Entropy-based training profiles continuously assess whether the model is learning generalizable patterns or memorizing specific examples. Memorization onset triggers an automated intervention that prevents the model from encoding patient-specific details that should remain private under HIPAA and GDPR, addressing a privacy risk that de-identification alone does not fully eliminate because subtle re-identification attacks operate on the memorization surface that de-identification does not see. Provenance tracing records the relationship between training examples, gradient updates, and resulting parameter changes, producing a queryable trace from any model behavior back to the training examples most responsible for it, with their evidence grade and gradient depth attached.

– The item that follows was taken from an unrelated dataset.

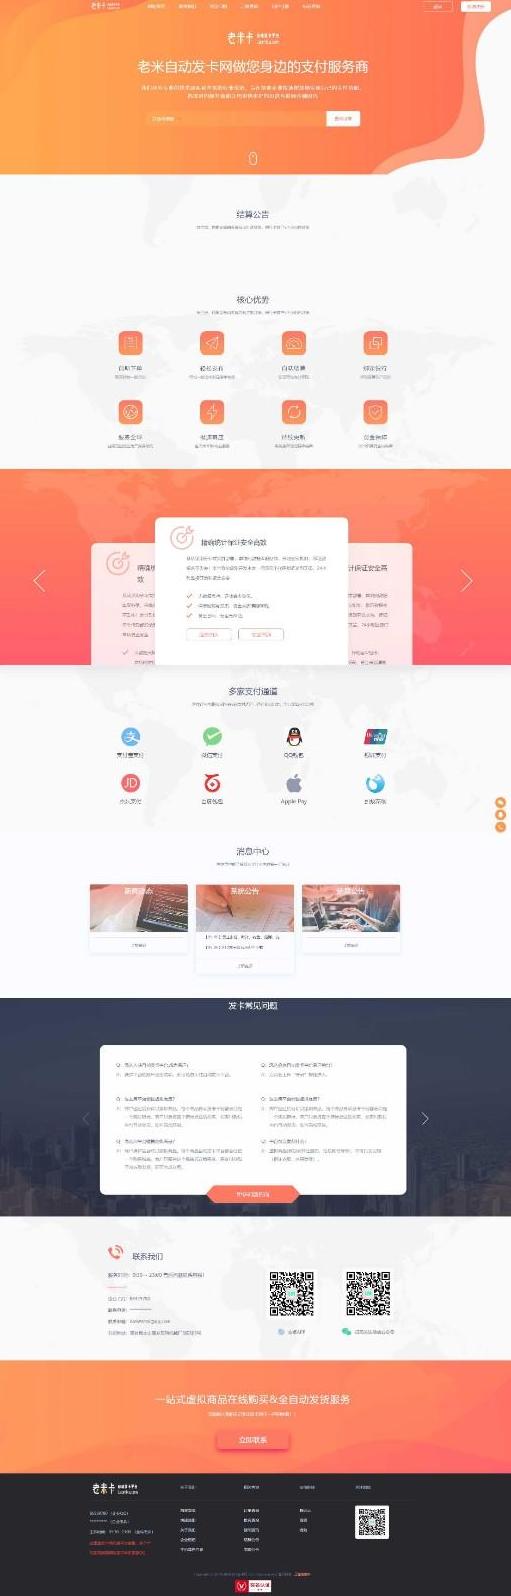 知宇企业发卡支付网站源码 多套模版自适应手机端 第1张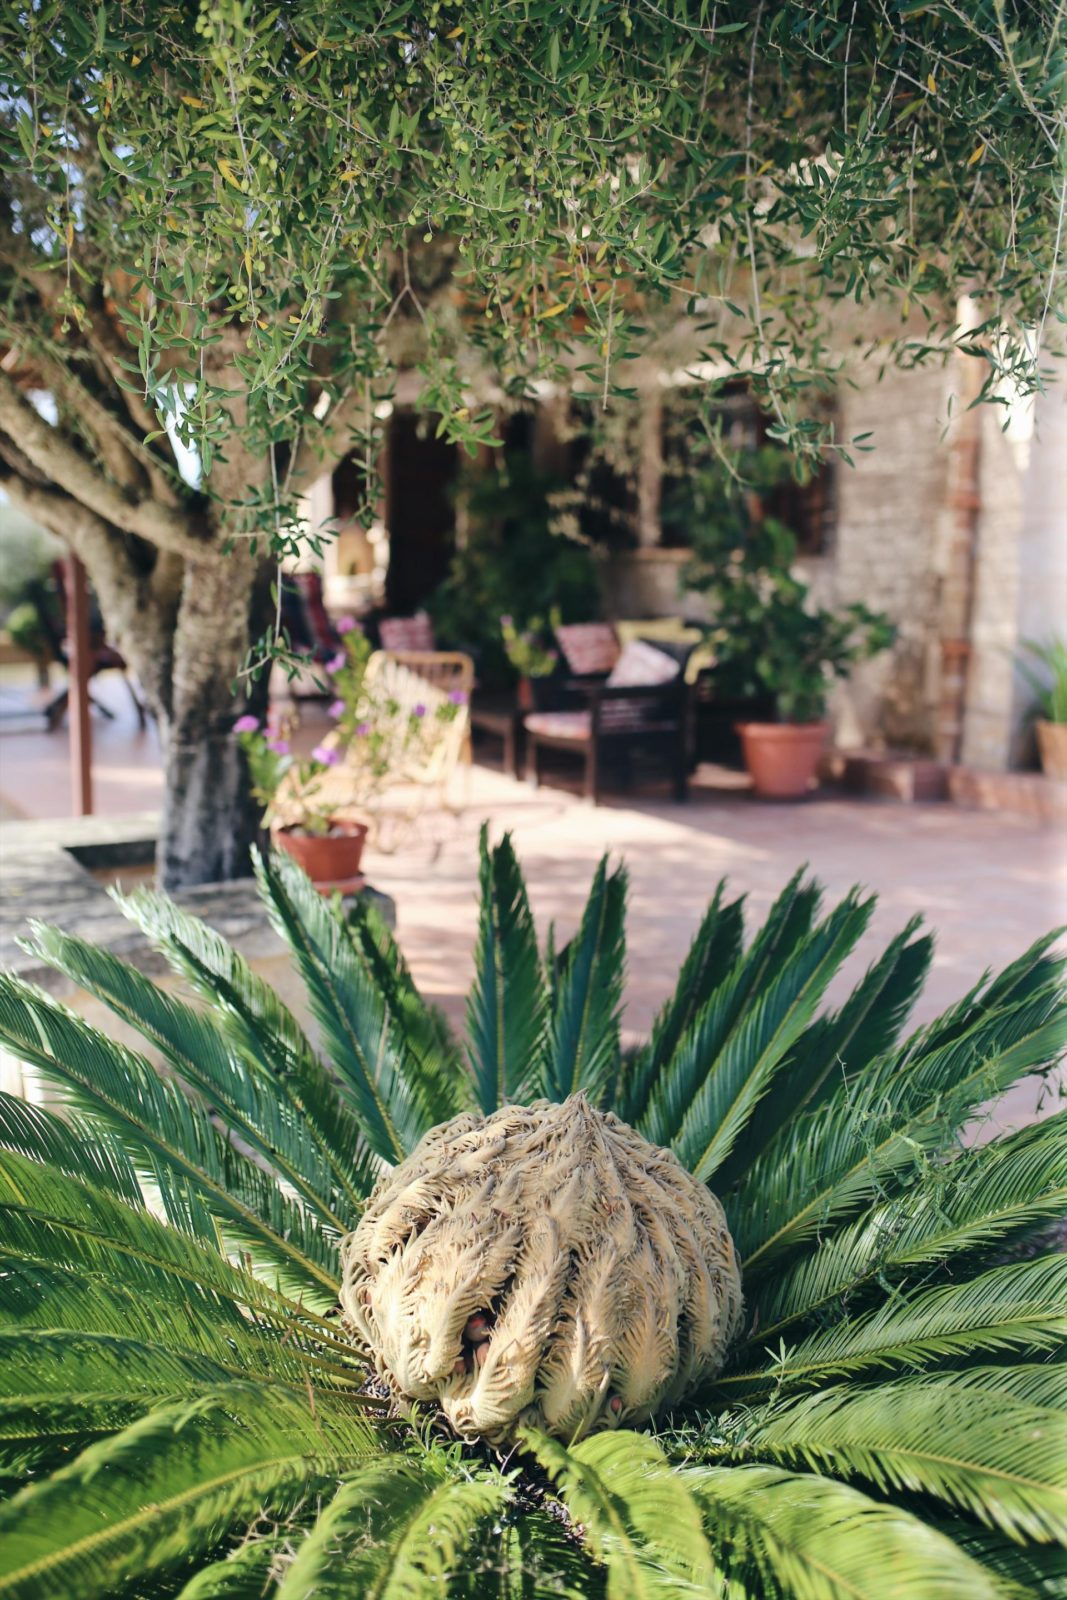 Mallorca, Du hast neue Fans! Finca Leben und Inseltips Teil 1 #Mallorca #Fincallorca #Reisenmitkindern #Malle #Mallorcatips | Pinspiration.de

The combined record is the substrate on which a Predetermined Change Control Plan can actually be executed. A change to the model is described not as a retraining run but as a defined modification to specified depth strata under specified evidence-grade constraints, with the change record produced by the routing mechanism itself. The same substrate satisfies 21 CFR Part 11 attribution and audit-trail requirements at the level of the manufacturing process rather than the documentation surface, and supplies the IEC 62304 traceability spine from clinical requirement through training example through gradient update through validated behavior. ISO 14971 risk management becomes operative on the training side as well as the deployment side: a clinical risk identified after deployment can be remediated at training time by re-routing the gradients of the training examples that produced the risk, without retraining the model from scratch and without disturbing the deeply established clinical knowledge that should remain stable.

Compliance mapping

Against the FDA AI/ML SaMD Action Plan and the PCCP framework, training governance supplies the gradient-level change description that makes a Predetermined Change Control Plan executable rather than aspirational. Against 21 CFR Part 11, the immutable provenance record provides the attribution and audit trail expected of regulated electronic records at the manufacturing layer. Against IEC 62304, the routing-and-provenance substrate furnishes the traceability spine that the standard requires from requirements to verification. Against ISO 13485, the training pipeline is brought inside the QMS as a controlled manufacturing process rather than an opaque step. Against ISO 14971, training-side risk remediation becomes available as a complement to deployment-side controls. Against EU MDR Annex VIII and Article 27, the per-update provenance supports the post-market identification and traceability obligations that follow the device through its lifecycle. Against EU AI Act Article 10, the data-governance posture is realized as enforced gradient routing rather than asserted curation, with evidence on demand. Against the NIST AI RMF and ISO/IEC 42001, the governed training substrate provides the management-system evidence that the framework and the standard expect from a mature healthcare AI program.

Adoption pathway

A medical AI development organization adopting training governance begins by annotating its existing training corpus with evidence-grade, provenance, population, and lawful-basis metadata, drawing on the curation work already required by current procedural controls. The training pipeline is then instrumented with the gradient-routing, entropy-profile, and provenance-tracing primitives, replacing the uniform-update training core with a governed one. Initial deployment targets a single device family approaching premarket submission, where the regulatory benefit is most concrete and the documentation burden of procedural-only compliance is most acute. The provenance substrate is then extended across the manufacturer's portfolio, becoming the QMS-integrated training infrastructure that ISO 13485, IEC 62304, and ISO/IEC 42001, taken together, expect a modern medical AI manufacturer to operate.